ASSIGNMENT OF ERROR II
PAUL’S CONVICTIONS FOR NOTICE OF CHANGE OF ADDRESS,
PROMOTING PROSECUTION (SIC) AND PROCURING ARE AGAINST
THE MANIFEST WEIGHT OF THE EVIDENCE.
{¶12} Mr. Marcel-Rene next argues that his convictions are against the manifest weight
of the evidence. If a defendant asserts that his convictions are against the manifest weight of the
evidence:
[A]n appellate court must review the entire record, weigh the evidence and all
reasonable inferences, consider the credibility of witnesses and determine
whether, in resolving conflicts in the evidence, the trier of fact clearly lost its way
and created such a manifest miscarriage of justice that the conviction must be
reversed and a new trial ordered.
State v.
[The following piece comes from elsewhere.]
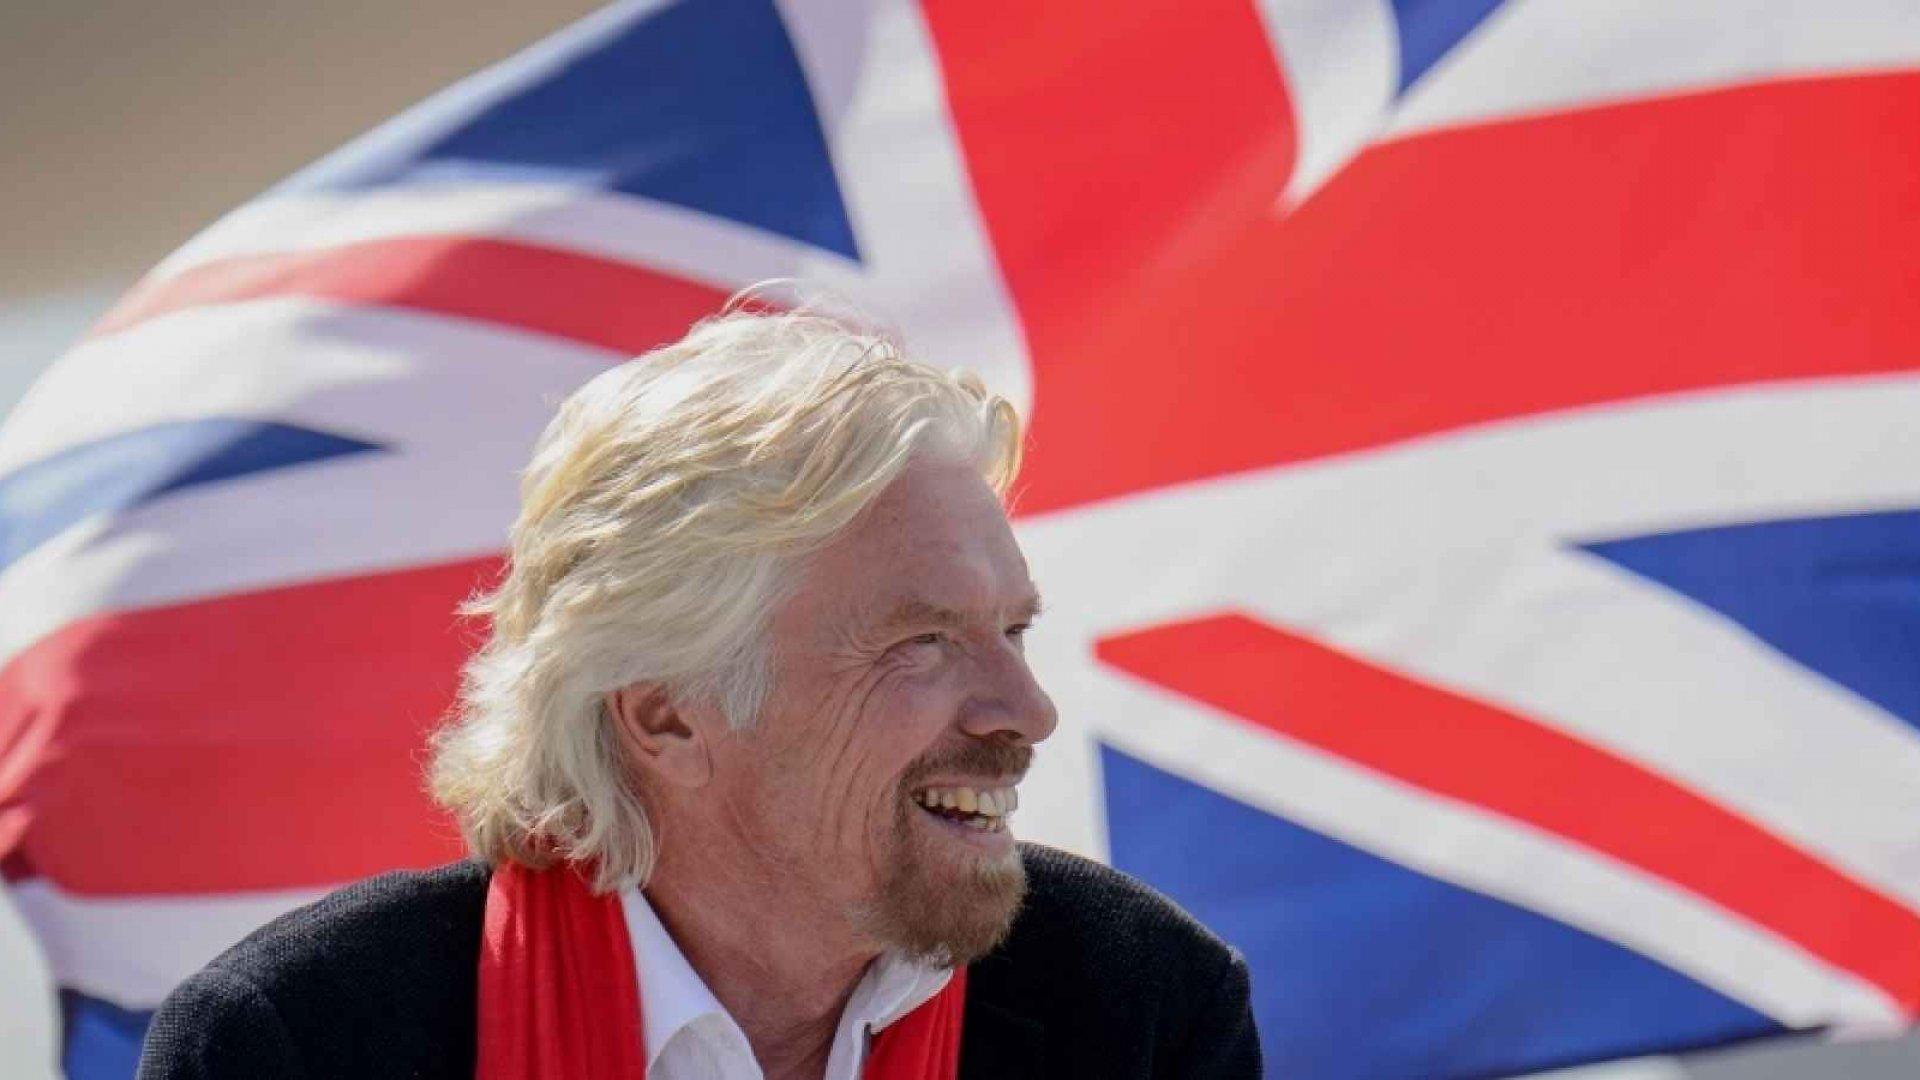 10 Famous Entrepreneurs With a Surprising Past

Otten, 33 Ohio App.3d 339, 340 (9th Dist.1986). Weight of the evidence pertains to the
greater amount of credible evidence produced in a trial to support one side over the other side.
State v. Thompkins, 78 Ohio St.3d 380, 387 (1997). An appellate court should only exercise its
power to reverse a judgment as against the manifest weight of the evidence in exceptional cases.
State v. Carson, 9th Dist. Summit No. 26900, 2013-Ohio-5785, ¶ 32, citing Otten at 340.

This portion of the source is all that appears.